Exact Editions developed the ‘Exactly’ app so that subscribers could read their subscriptions on the iPhone in 2009 and for the iPad in 2010. When the Newsstand was launched by Apple, there were 11 branded apps available to subscribers. The convenience and mobility of phones and tablets has transformed the ways in which consumers want to read, search and browse magazines.

The potential for searching magazine archives has always been a key reason for a focus on archives and producing a complete archive for Gramophone in 2011 was a big project at the time. The title was first published in 1923 and the archive then held over 1,000 issues (now 1226). Fast and reliable searching has always been a feature of good digital archives. Browsing has always been a key aspect of the consumer experience of magazines, and digital browsing is now one of the distinctive features of the Exact Editions interface. In 2012 we introduced the stacking model for magazines (those lovely covers) which enable the user to shuffle through a large magazine archive by year, by decade and even by century. When we started, we knew that rapid full text searching would be a great target to aim at, but we did not appreciate quite how rich the experience of browsing by year, month issue and page would become.

Stacks of issues from the Gramophone digital archive

Exact Editions’ most recent innovation is Reading Rooms (first introduced in 2019), which constitute temporary and time-limited access to content which the publisher can distribute through the Publisher Portal for promotional or social purposes. Reading Rooms are multi-user and privacy compliant, and no sign in or registration is needed. They are time-limited by the publisher.

One of the advantages of an interactive streaming delivery of pages rather than downloads of text files is that it is feasible to create these Reading Rooms with temporary access to the full database.

The interface for creating Reading Rooms in the Publisher Portal

ST: How has the pandemic impacted your business?

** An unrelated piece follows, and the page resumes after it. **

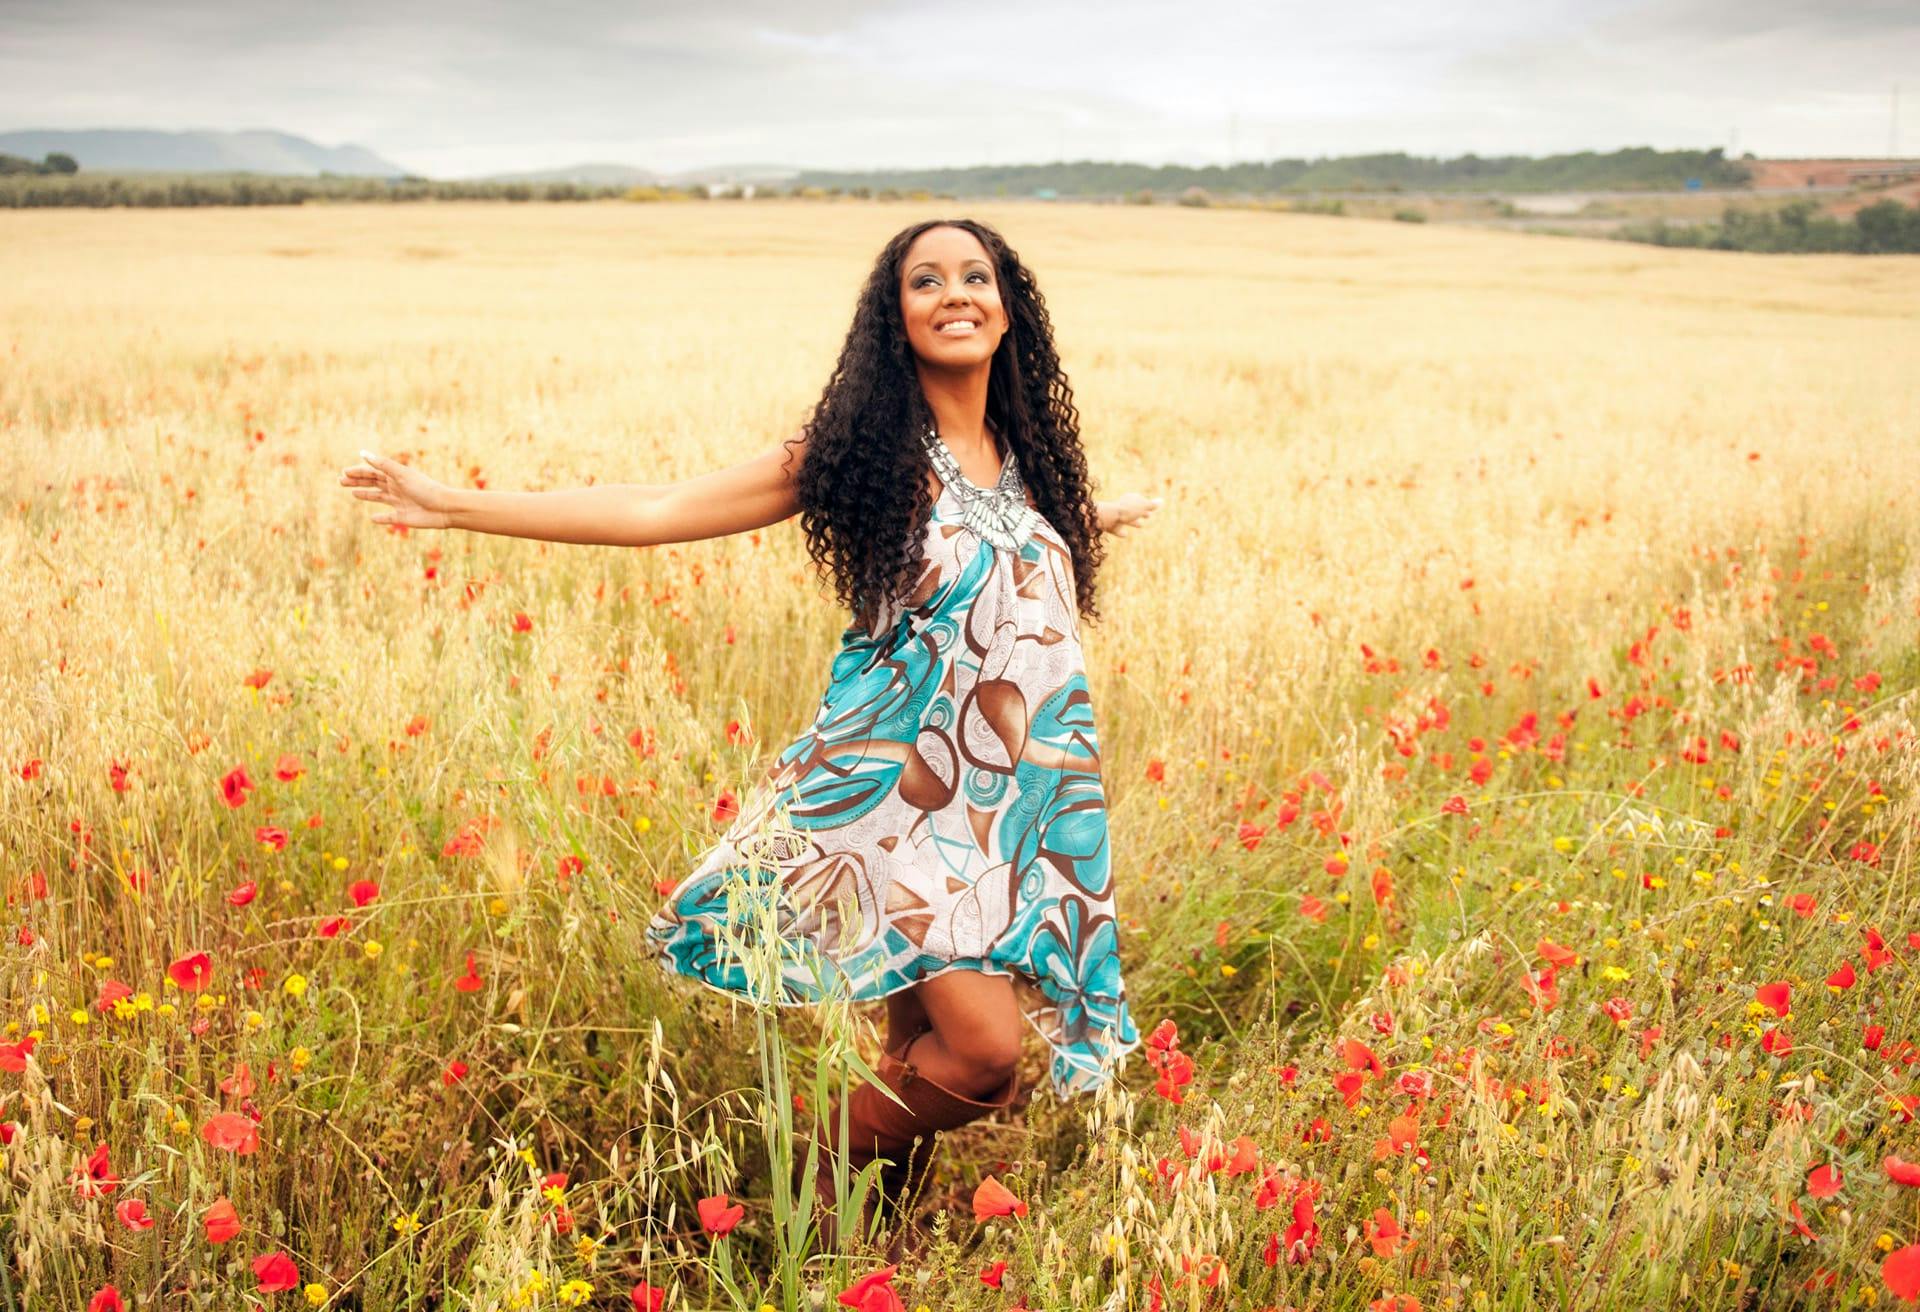 Smiling woman frolicking in field.

DR/AH: Exact Editions has always been a digital business: by 2015 we had a cloud-based production and commercial model. In March 2020, it was very straightforward to move to home-based work. Although we expect to retain an office in central London, like most businesses we expect to be much more distributed and virtual in 2023 than we were in 2019. Magazines have largely benefitted from the pandemic in spite of the sad loss of physical newsstand sales; especially when they have an efficient digital version. The popularity of Exact Editions subscriptions from educational libraries (universities and schools) has markedly increased.

Opera Magazine Digital Archives

ST: Is print media dead in the 21st century?

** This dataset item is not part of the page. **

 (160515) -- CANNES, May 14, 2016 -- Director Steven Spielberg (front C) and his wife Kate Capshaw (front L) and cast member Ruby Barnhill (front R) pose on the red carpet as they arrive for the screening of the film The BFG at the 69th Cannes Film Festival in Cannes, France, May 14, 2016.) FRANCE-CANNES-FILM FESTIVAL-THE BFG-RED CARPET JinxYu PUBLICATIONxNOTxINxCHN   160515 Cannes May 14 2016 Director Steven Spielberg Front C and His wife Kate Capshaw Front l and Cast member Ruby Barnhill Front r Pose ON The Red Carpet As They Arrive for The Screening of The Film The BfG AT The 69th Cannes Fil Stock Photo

DR/AH: Not at all. But archives and digital access to the magazines, periodicals and books that were formerly printed and only available on paper, will become more important. Access to rather than distribution of print media has become the key to digital culture. So access via printed copies will certainly be a diminishing and less mass market way of reaching the audience. Even so, the printed version of a magazine remains important. We see high-end magazines as having a continuing attraction (especially in art and fashion).

ST: How do you see subscription services evolving in the near future?

DR/AH: This partly returns us to your question about the pandemic. Digital subscription services that can cope with the threats of pandemic or environmental changes and even disasters are obviously critical. We expect to see increasing emphasis on the preservation, conservation, sustainability and efficiency of the services we supply either to consumers or cultural and educational institutions.